J Speech Lang Hear Res. 2008 Feb;51(1):S276-300. doi: 10.1044/1092-4388(2008/021).
Robbins J1, Butler SG, Daniels SK, Diez Gross R, Langmore S, Lazarus CL, Martin-Harris B, McCabe D, Musson N, Rosenbek J.

Abstract

PURPOSE:

This review presents the state of swallowing rehabilitation science as it relates to evidence for neural plastic changes in the brain. The case is made for essential collaboration between clinical and basic scientists to expand the positive influences of dysphagia rehabilitation in synergy with growth in technology and knowledge. The intent is to stimulate thought and propose potential research directions.

METHOD:

A working group of experts in swallowing and dysphagia reviews 10 principles of neural plasticity and integrates these advancing neural plastic concepts with swallowing and clinical dysphagia literature for translation into treatment paradigms.
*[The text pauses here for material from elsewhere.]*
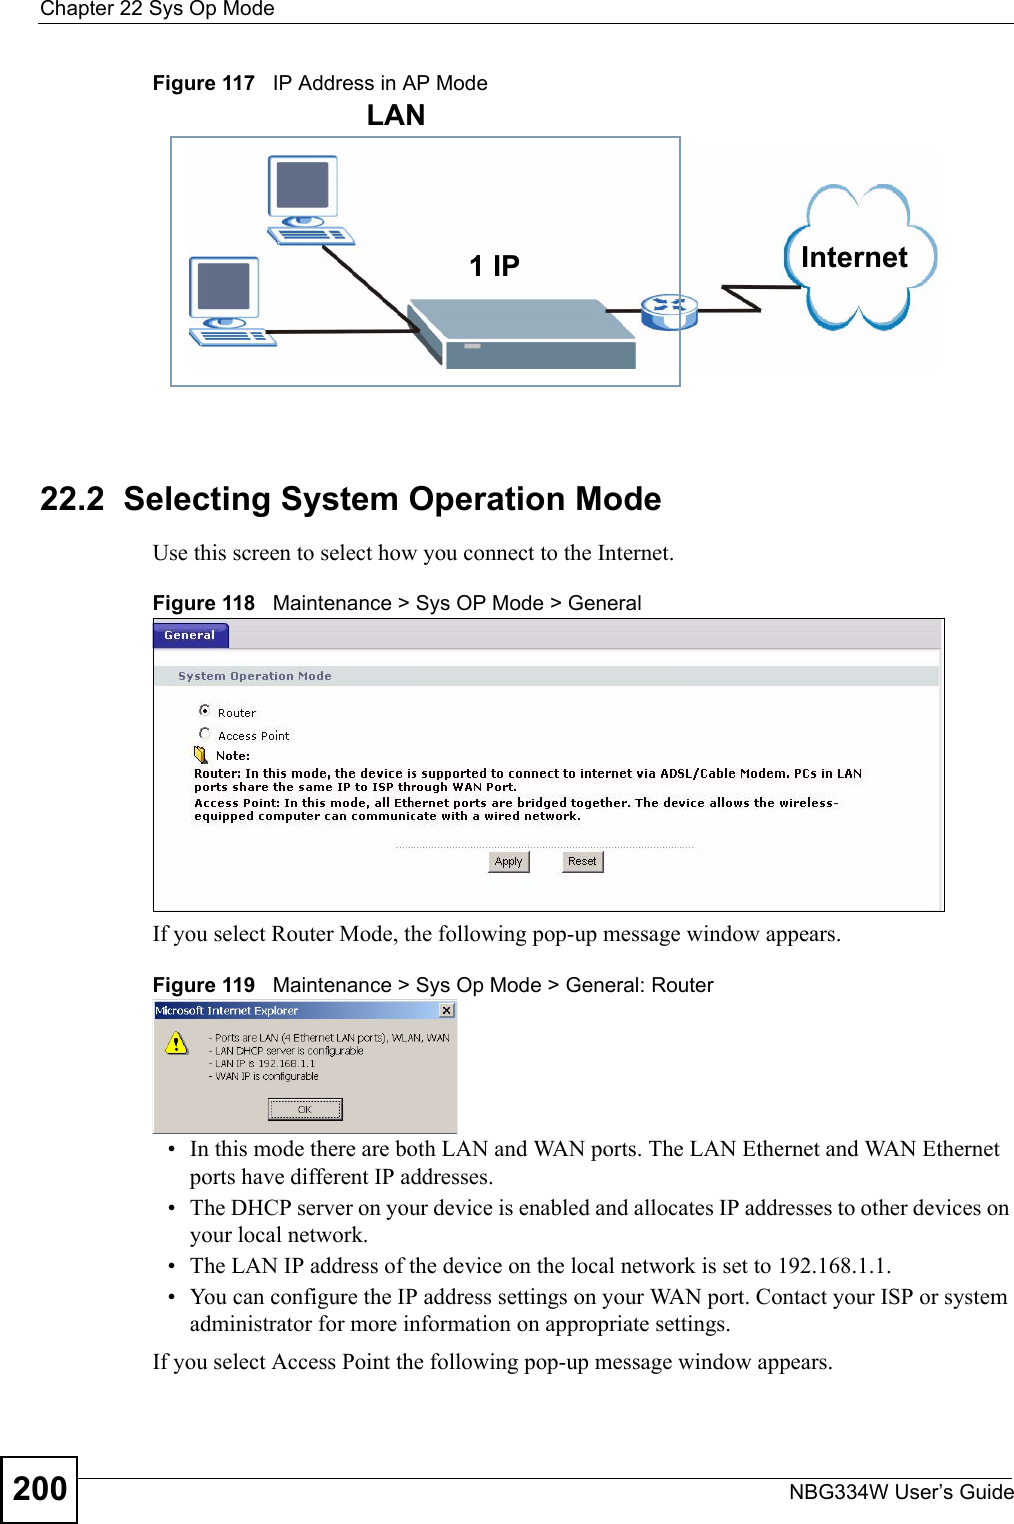 Chapter 22 Sys Op ModeNBG334W User’s Guide200Figure 117   IP Address in AP Mode22.2  Selecting System Operation ModeUse this screen to select how you connect to the Internet. Figure 118   Maintenance &gt; Sys OP Mode &gt; General If you select Router Mode, the following pop-up message window appears.Figure 119   Maintenance &gt; Sys Op Mode &gt; General: Router • In this mode there are both LAN and WAN ports. The LAN Ethernet and WAN Ethernet ports have different IP addresses. • The DHCP server on your device is enabled and allocates IP addresses to other devices on your local network. • The LAN IP address of the device on the local network is set to 192.168.1.1.• You can configure the IP address settings on your WAN port. Contact your ISP or system administrator for more information on appropriate settings.If you select Access Point the following pop-up message window appears.  1 IPLANInternet

In this context, dysphagia refers to disordered swallowing associated with central and peripheral sensorimotor deficits associated with stroke, neurodegenerative disease, tumors of the head and neck, infection, or trauma.

RESULTS AND CONCLUSIONS:

The optimal treatment parameters emerging from increased understanding of neural plastic principles and concepts will contribute to evidence-based practice. Integrating these principles will improve dysphagia rehabilitation directions, strategies, and outcomes. A strategic plan is discussed, including several experimental paradigms for the translation of these principles and concepts of neural plasticity into the clinical science of rehabilitation for oropharyngeal swallowing disorders, ultimately providing the evidence to substantiate their translation into clinical practice.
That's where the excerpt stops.